I missed the mark. Either she did not possess the processing power necessary to assign two characteristics to one object at the same time, or she was so lacking in give a shit, whatever a customer said passed through her mind like an eel in a fish tank. “The full-cloth, not the mesh back.”
“Great….”
Why was my choice in hat subject to praise? Was it because making the choice quickly made her life more bearable?
Her head tilted to one side as if she had trouble keeping me in focus. “Would you like to look through the font choices?”
“I looked through the typefaces online, I would like number eighteen, Book Antiqua.”
The unusual lack of transaction banter started to make her uncomfortable. I wanted to just start telling her what size lettering and what it should say, but I reasoned waiting for her to ask would help to normalize the situation.
She picked up her pen and blank order form, noted what I already told her, and retreated into deep concentration for an aeon.
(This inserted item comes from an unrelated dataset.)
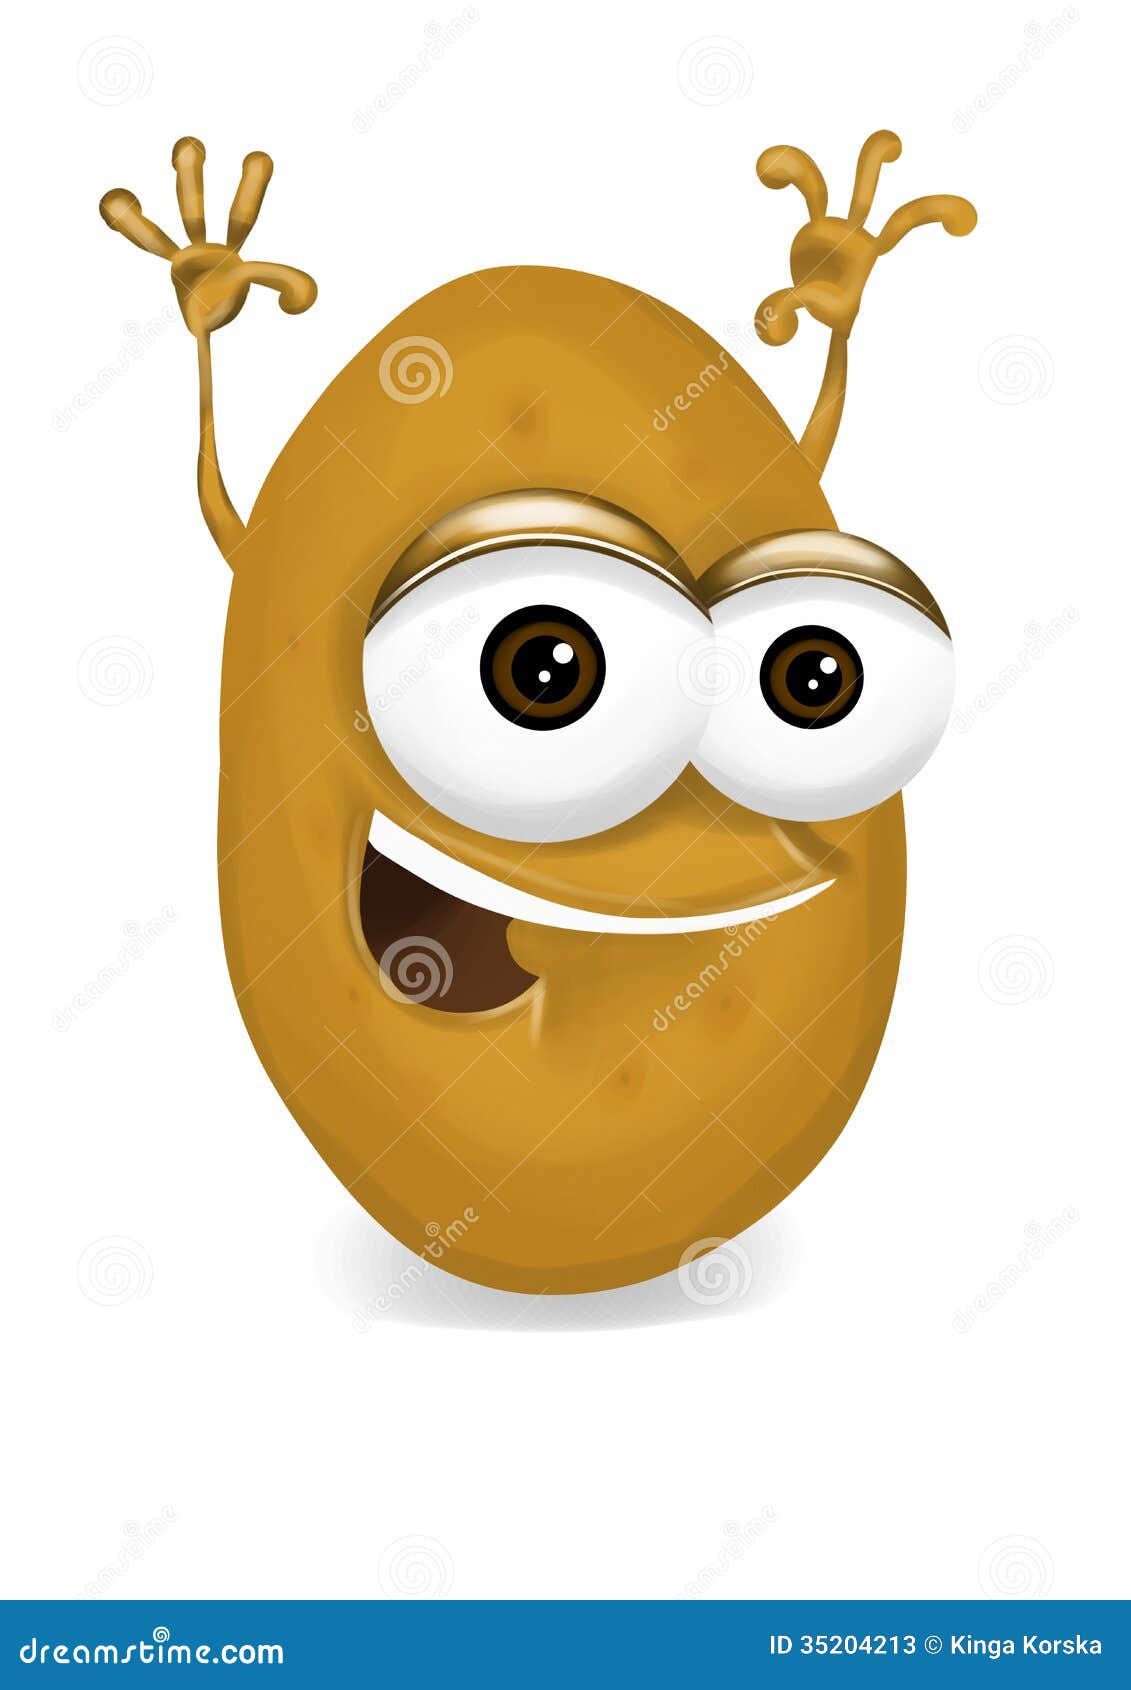 personaje de dibujos animados feliz de la patata que ríe con los brazos

Someone nearby said, “And oh God, she looked like such a skanky ho….” The sales girl must have noticed me wincing, which jarred her faculties back into motion.
She looked back at me with the rictus grin. “What would you like it to say?”
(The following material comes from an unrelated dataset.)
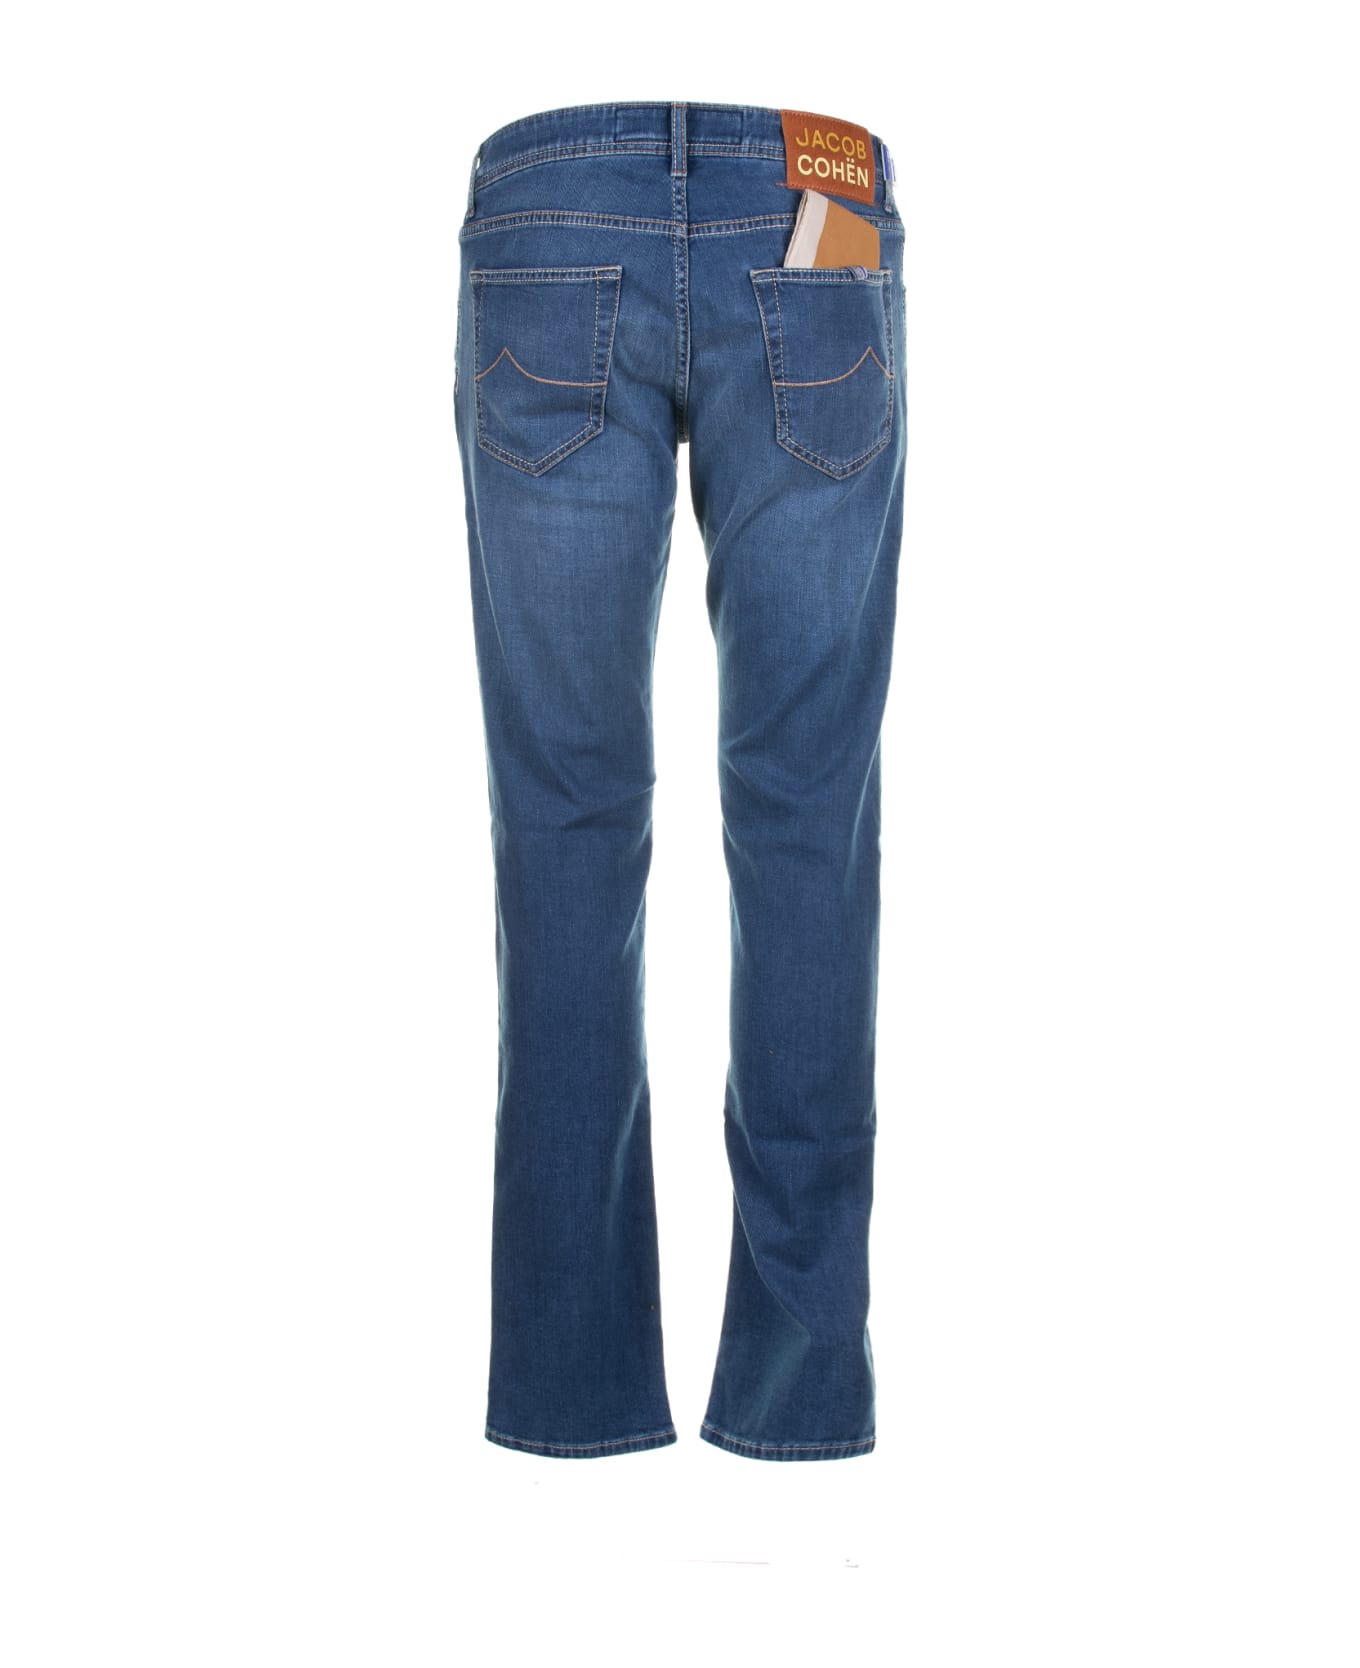 Jacob Cohen Jeans In Light Blue Denim - BLU INTERMEDIO

No amount of preparation would make it any easier for her. “The top line should say ‘Evans’ in forty-eight point bold all caps. The second line should say ‘Funeral Home’ in twenty-eight point normal lettering with ‘F’ and ‘H’ capitalized.
She nodded as she wrote, and then kept nodding as the meaning of the words sank in. Her head went up and down for what I would swear was a good twenty seconds.
I had prepared an explanation. Not a good one. I don’t think a good one exists.
“I lost my hat at work. My boss will charge me fifty dollars to replace it.”
It gave her enough normalization to stop bobbing her head. “Oh, you’re a mortician.”
“Yes.”
Another painful pause. I know that decorum dictates some kind of apology or excuse for having a job until recently performed only by untouchables. Better to leave as little memory behind as possible in case she gets questioned.
Putting my headphones back on, I took a seat on a nearby bench until she completed the cap. Her hands shook as she took the blank hat off the rack and fed it into the clever machine that did the stitching. If I had only known that working at a funeral home would cause people to recoil in terror, I would have made it my trade a long time ago. Or at least have worn the uniform. Alas, with my upcoming crime I couldn’t risk attracting attention to myself that way.
I tried not to watch. Looking too eager would only add to her suspicions. Instead, as I have practiced doing for the past decade, I closed my eyes, leaned back, and retreated into my own mind. It was time to plan the next phase.